-
Notifications
You must be signed in to change notification settings - Fork 785
Description
Observed behavior
Given the following scenario:
- One consumer which runs in multiple replicas (i.e. Kubernetes deployment with replicas) (for example 2)
- Multiple existing messages in the waiting to be delivered (for example 10)
- Consumer runs with
Consume()orMessages()(same outcome), and uses a dummy handler which waits 28 seconds, then acks. - The Jetstream server uses the default AckWait of 30 seconds.
I observe the following:
- Replica 1 runs
Consume()(or.Next()) - Replica 1 starts processing message 1.
- Replica 2 runs
Consume()(or.Next()), does nothing because Replica 1 pre-buffered all 10 messages. - Replica 1 acks message 1 and starts processing message 2.
- Due to AckWait being reached, the unacknowledged messages are redelivered, so Replica 2 starts processing message 2.
- Replica 1 and 2 process messages 3 to 8 because they both pre-buffered all of them.
This effectively leads to 2 undesirable outcomes:
- Both replicas consume almost all messages (which should be fine given consumers are idempotent), and this leads to more replicas not increasing the consumption throughput.
- Consume calls the provided handler function with messages which are already expired due to AckWait.
This is an edge case which only occurs when there are multiple replicas of the same consumer running, messages are slow to process and there are multiple messages waiting to be delivered.
Expected behavior
I would say there is 2 options:
- This is the expected behaviour and it would be useful to add it to the readme.
- Users of
Consume()orMessages()should receive messages which have the full AckWait timeout to process instead of the effective AckWait being related to how long it took to process messages within the current batch.

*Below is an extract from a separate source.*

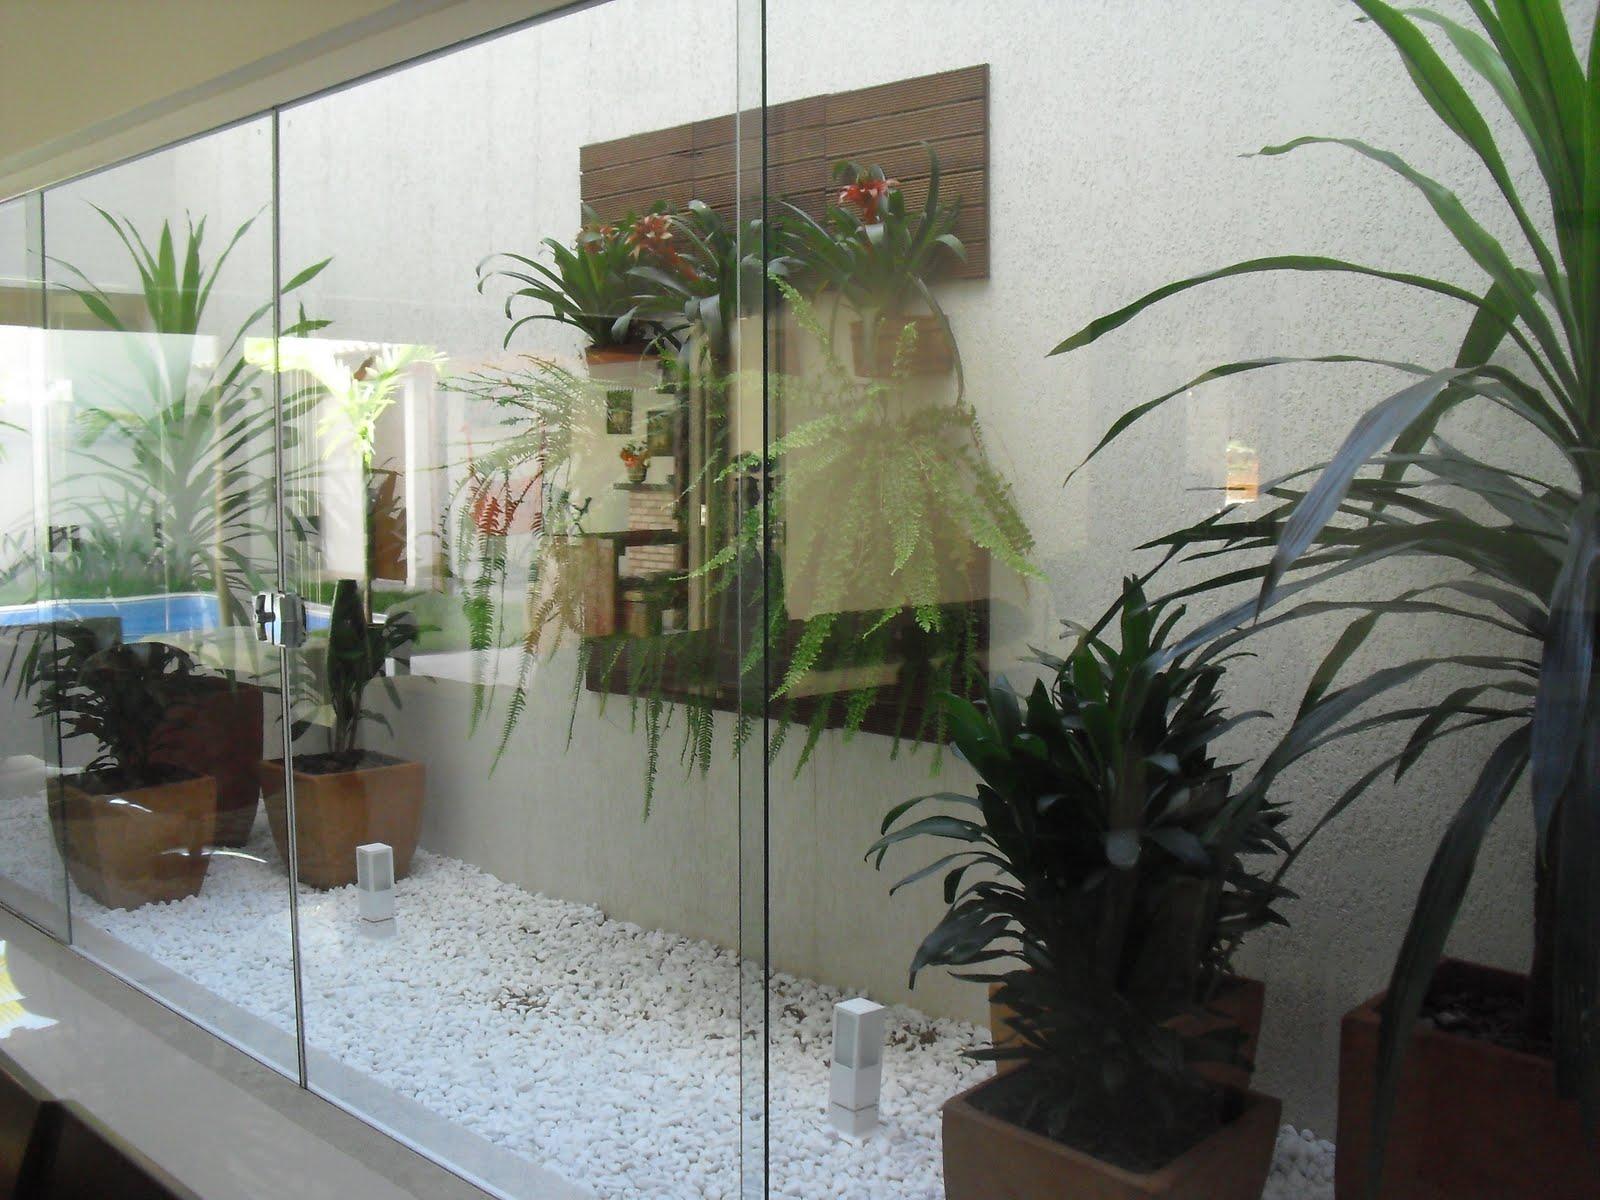 Poste connexe de decoracao para banheiro gastando pouco #495F38 1600x1200 Banheiro Com Lavabo Externo

If this is expected behaviour I would like to know if there is a simple way to overcome this. For now, the most reasonable to me seems to use Fetch() instead and create a context with AckWait as timeout right after.
Server and client version
server: v2.11.8
client: v1.45.0
Host environment
No response
Steps to reproduce
To replicate the observed behaviour you can use the following 2 snippets:
server: to create streams and consumers and send some messages:
func main() {
ctx, cancel := signal.NotifyContext(context.Background(), os.Interrupt)
defer cancel()
nc, err := nats.Connect("nats://localhost:4222")
if err != nil {
log.Fatal(err)
}
js, err := jetstream.New(nc)
if err != nil {
log.Fatal(err)
}
defer js.CleanupPublisher()
stream, err := js.CreateOrUpdateStream(ctx, jetstream.StreamConfig{
Name: "events",
Retention: jetstream.InterestPolicy,
Subjects: []string{"events.>"},
})
if err != nil {
log.Fatal(err)
}
stream.CreateOrUpdateConsumer(ctx, jetstream.ConsumerConfig{
Durable: "processor-1",
})
for i := range 10 {
_, err := js.Publish(ctx, "events.example", []byte(fmt.Sprint(i)))
if err != nil {
log.Fatal(err)
}
}
slog.Info("Published events")
}
client: to use the consumer and ack messages after 28 seconds:
func main() {
ctx, cancel := signal.NotifyContext(context.Background(), os.Interrupt)
defer cancel()
nc, _ := nats.Connect("nats://localhost:4222")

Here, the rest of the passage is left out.